- _Work instructions_: Set down only these lines, exactly: the line containing "Yunomori-Onsen-Spa-Bangkok-thailand-3" and all lines through the end of the data below. Omit pictures.

- _Data excerpt_:
━━━━━━━━━━━━━━━━━━━━━━━━━━━━━━

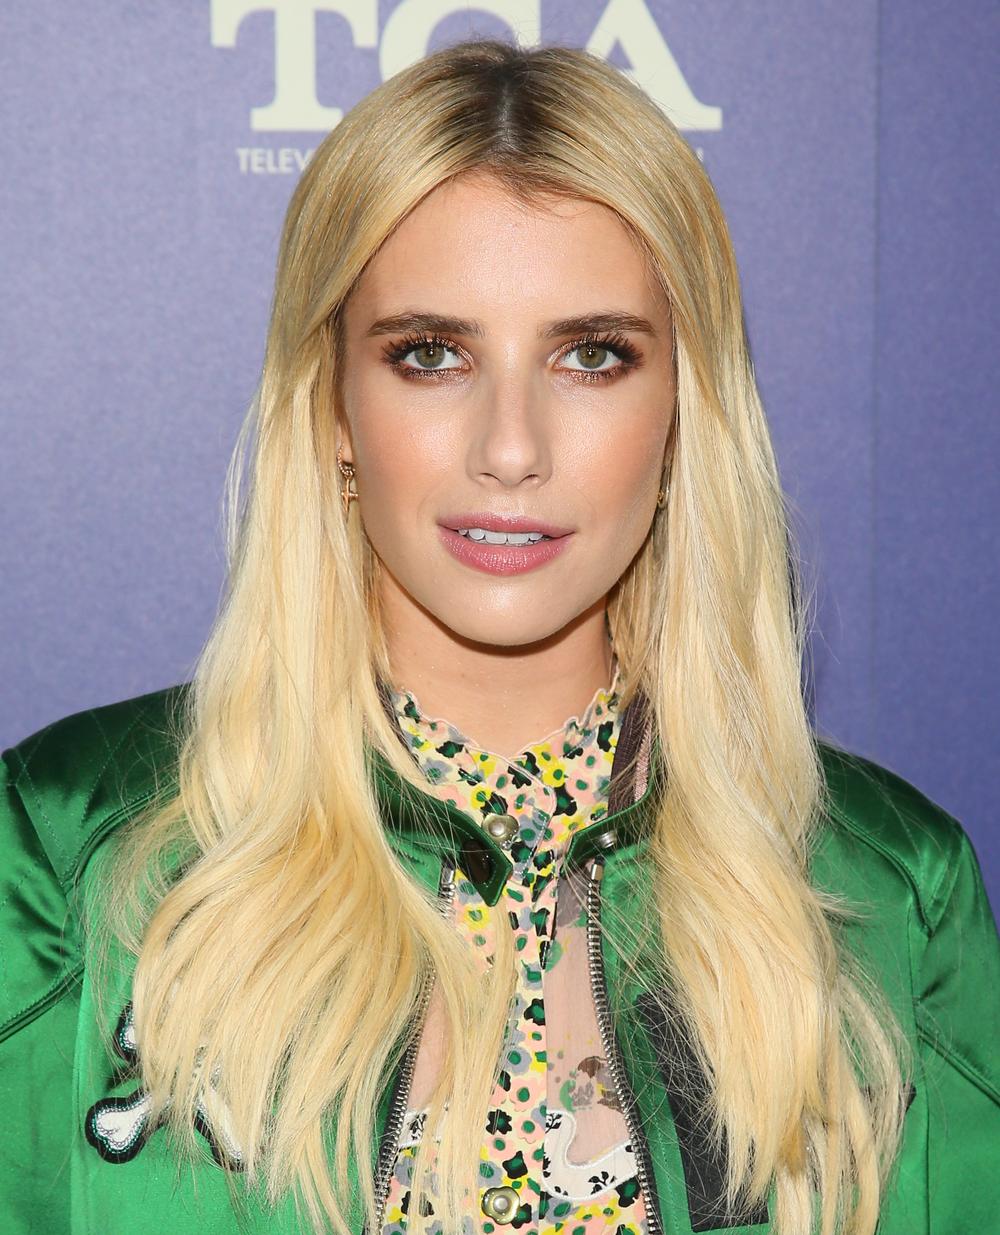 If you follow @ninezeroone, you've seen Emma Robert's hair makeovers more than a few times.
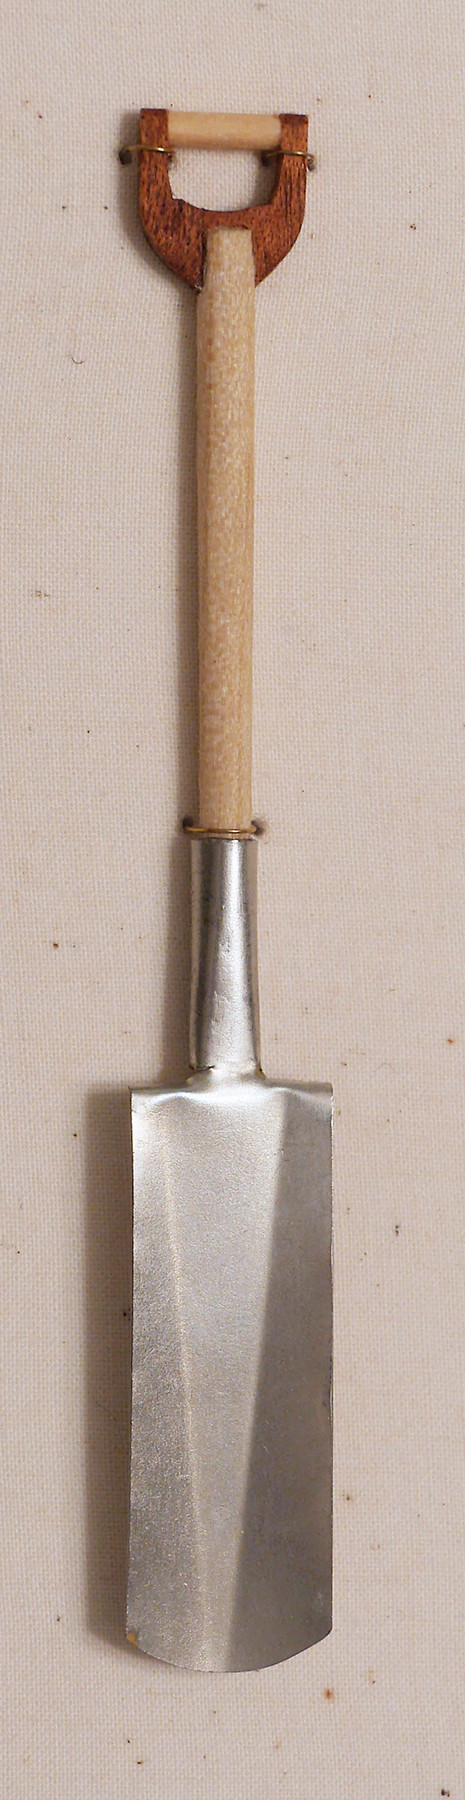 a_shovel.jpg
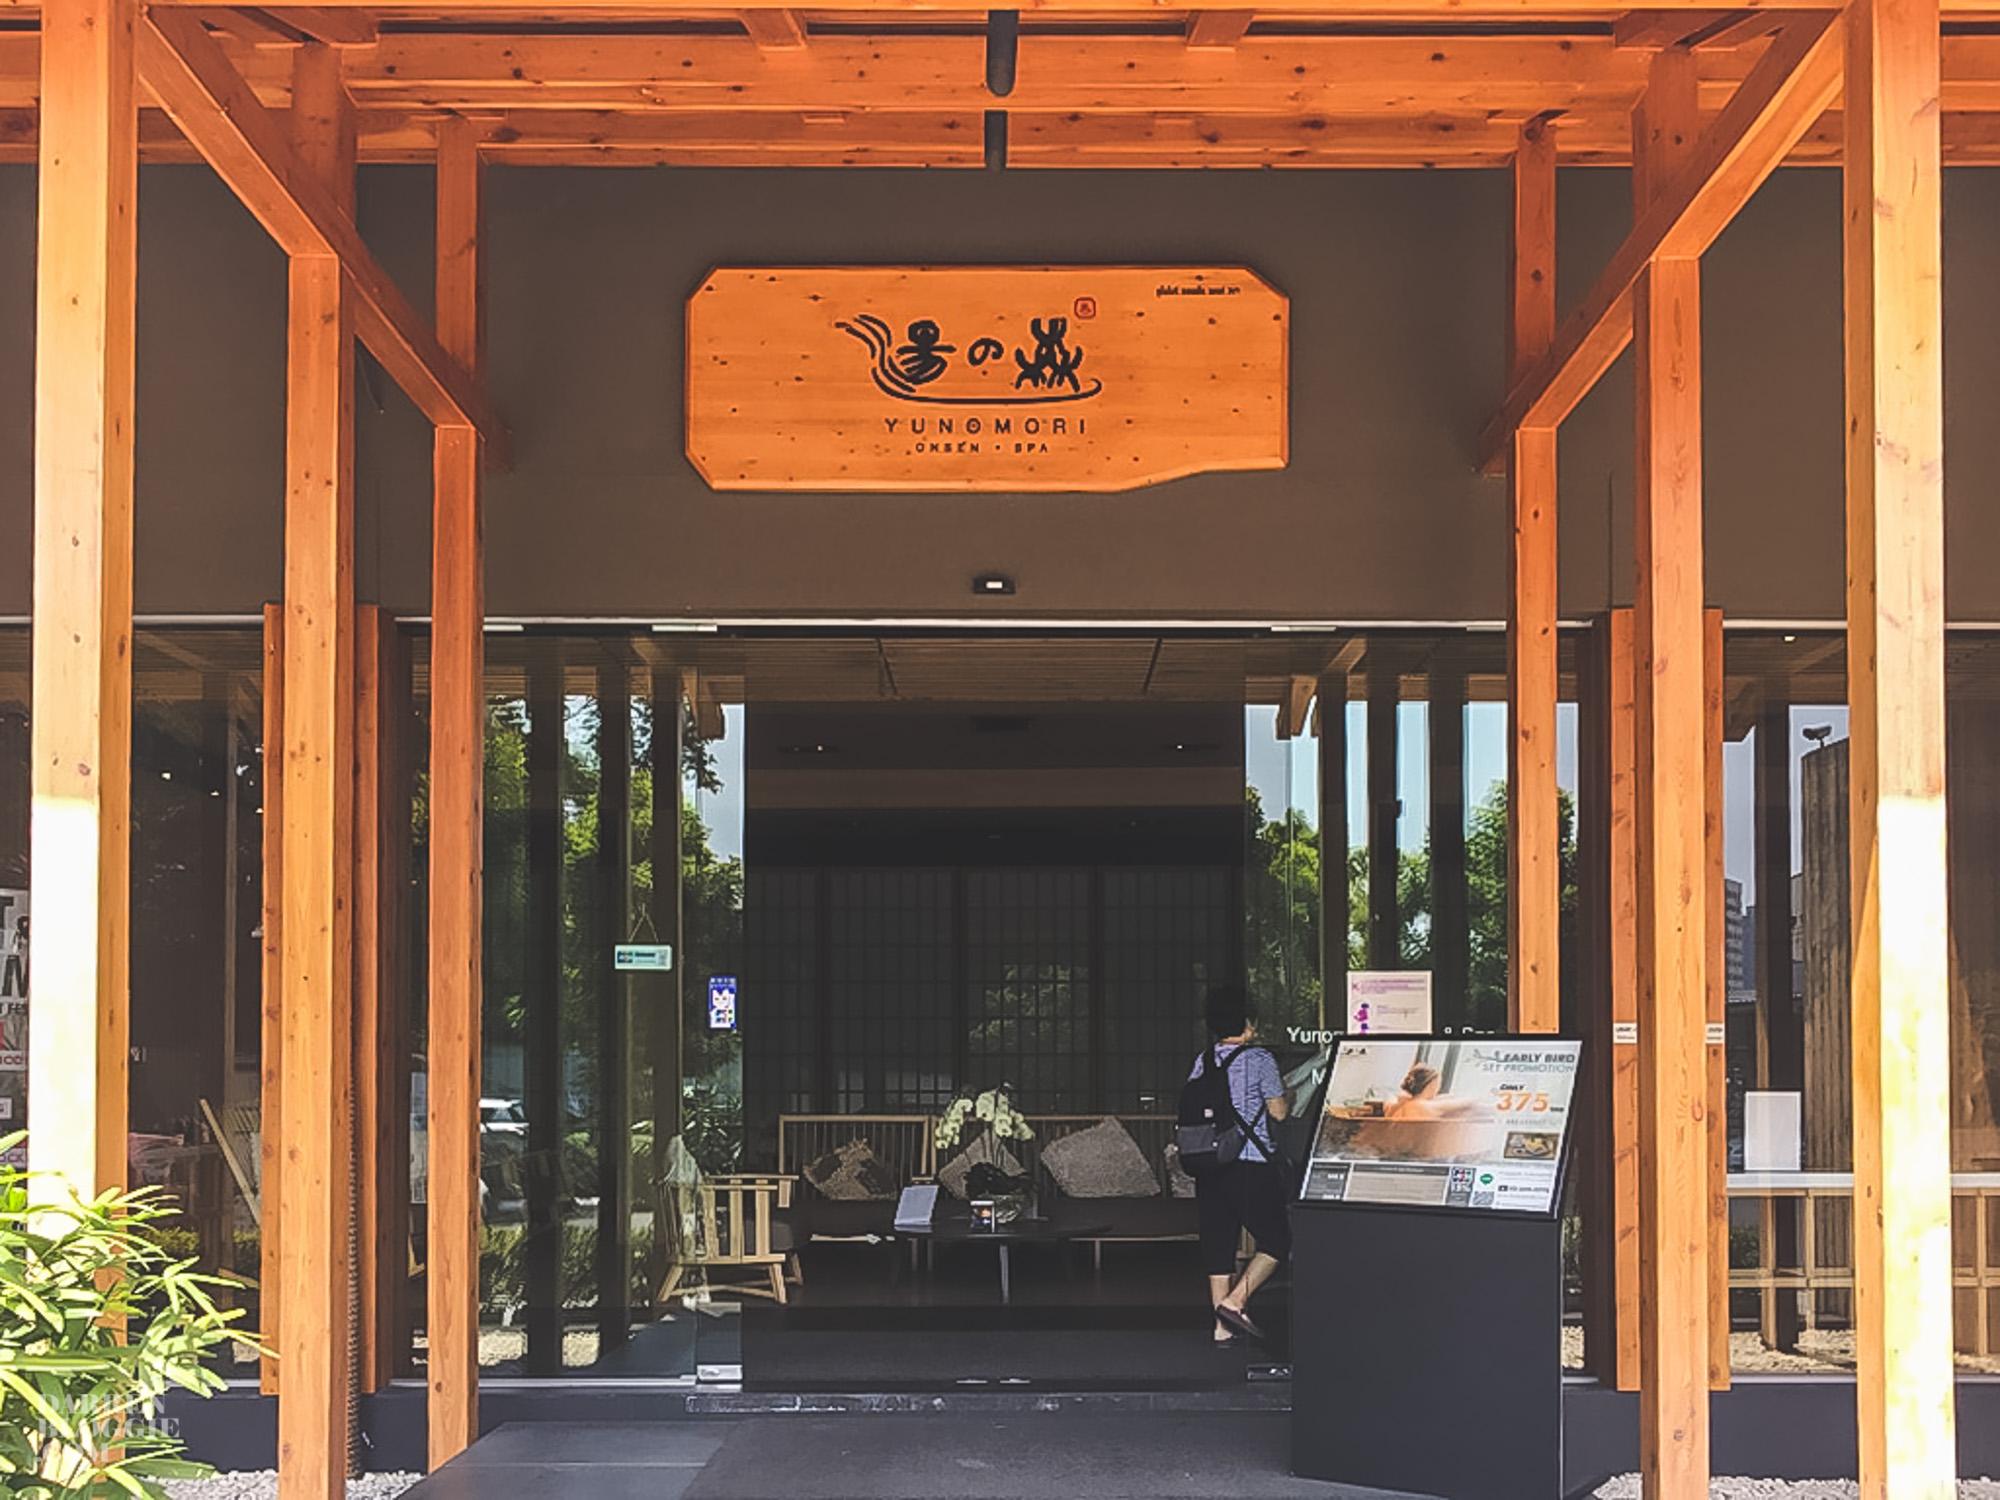 Yunomori-Onsen-Spa-Bangkok-thailand-3
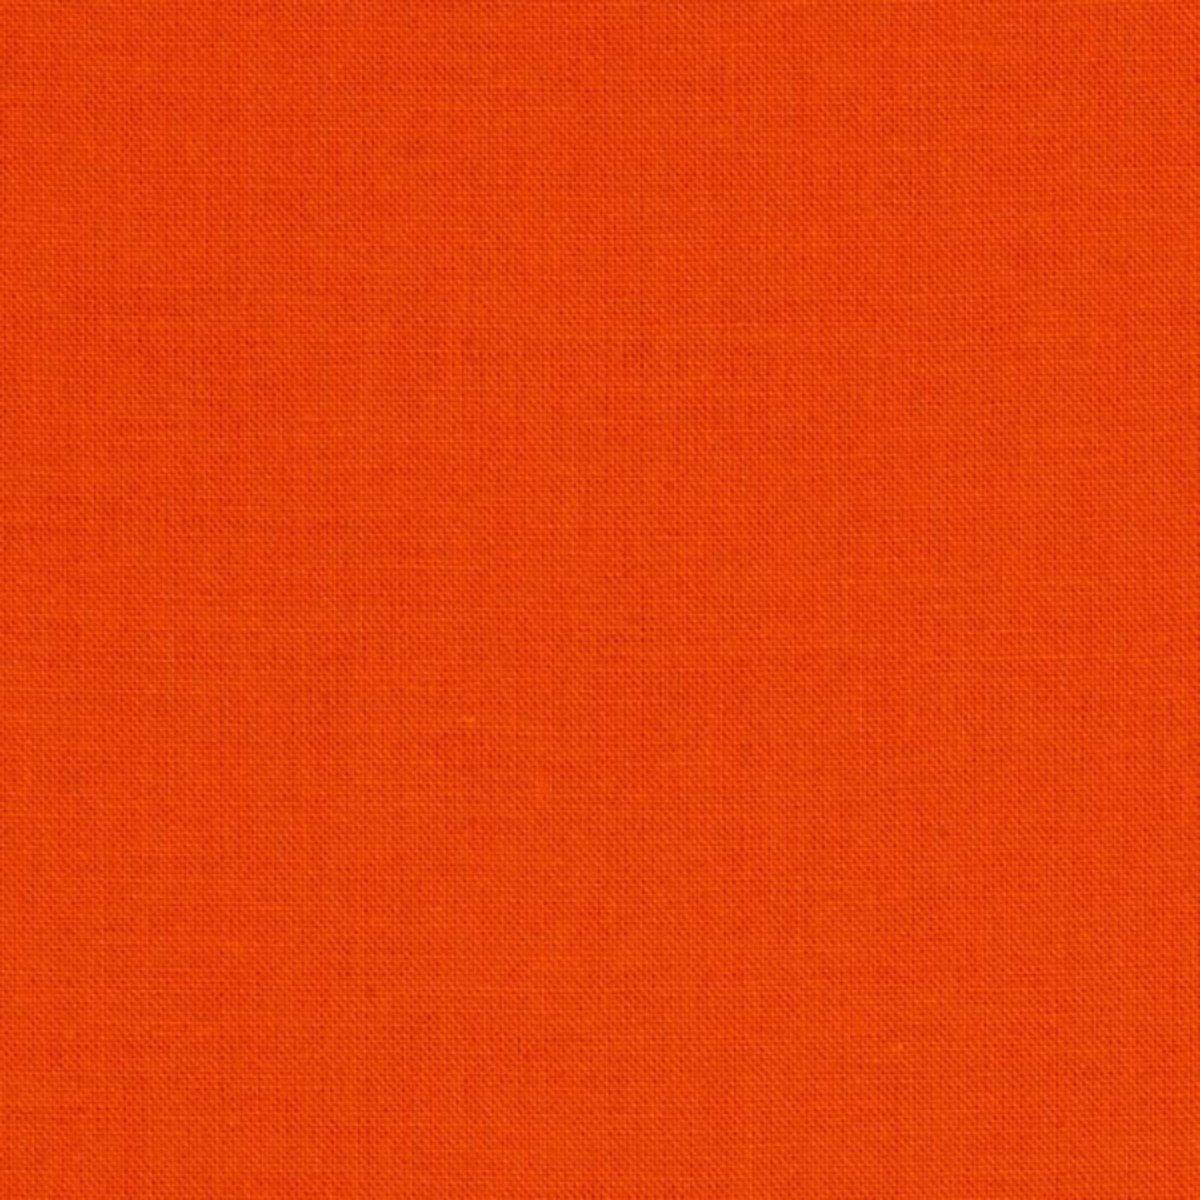 Kona Cotton in Carrot for Robert Kaufman

━━━━━━━━━━━━━━━━━━━━━━━━━━━━━━

- _Response to this exercise_:
 Yunomori-Onsen-Spa-Bangkok-thailand-3
 Kona Cotton in Carrot for Robert Kaufman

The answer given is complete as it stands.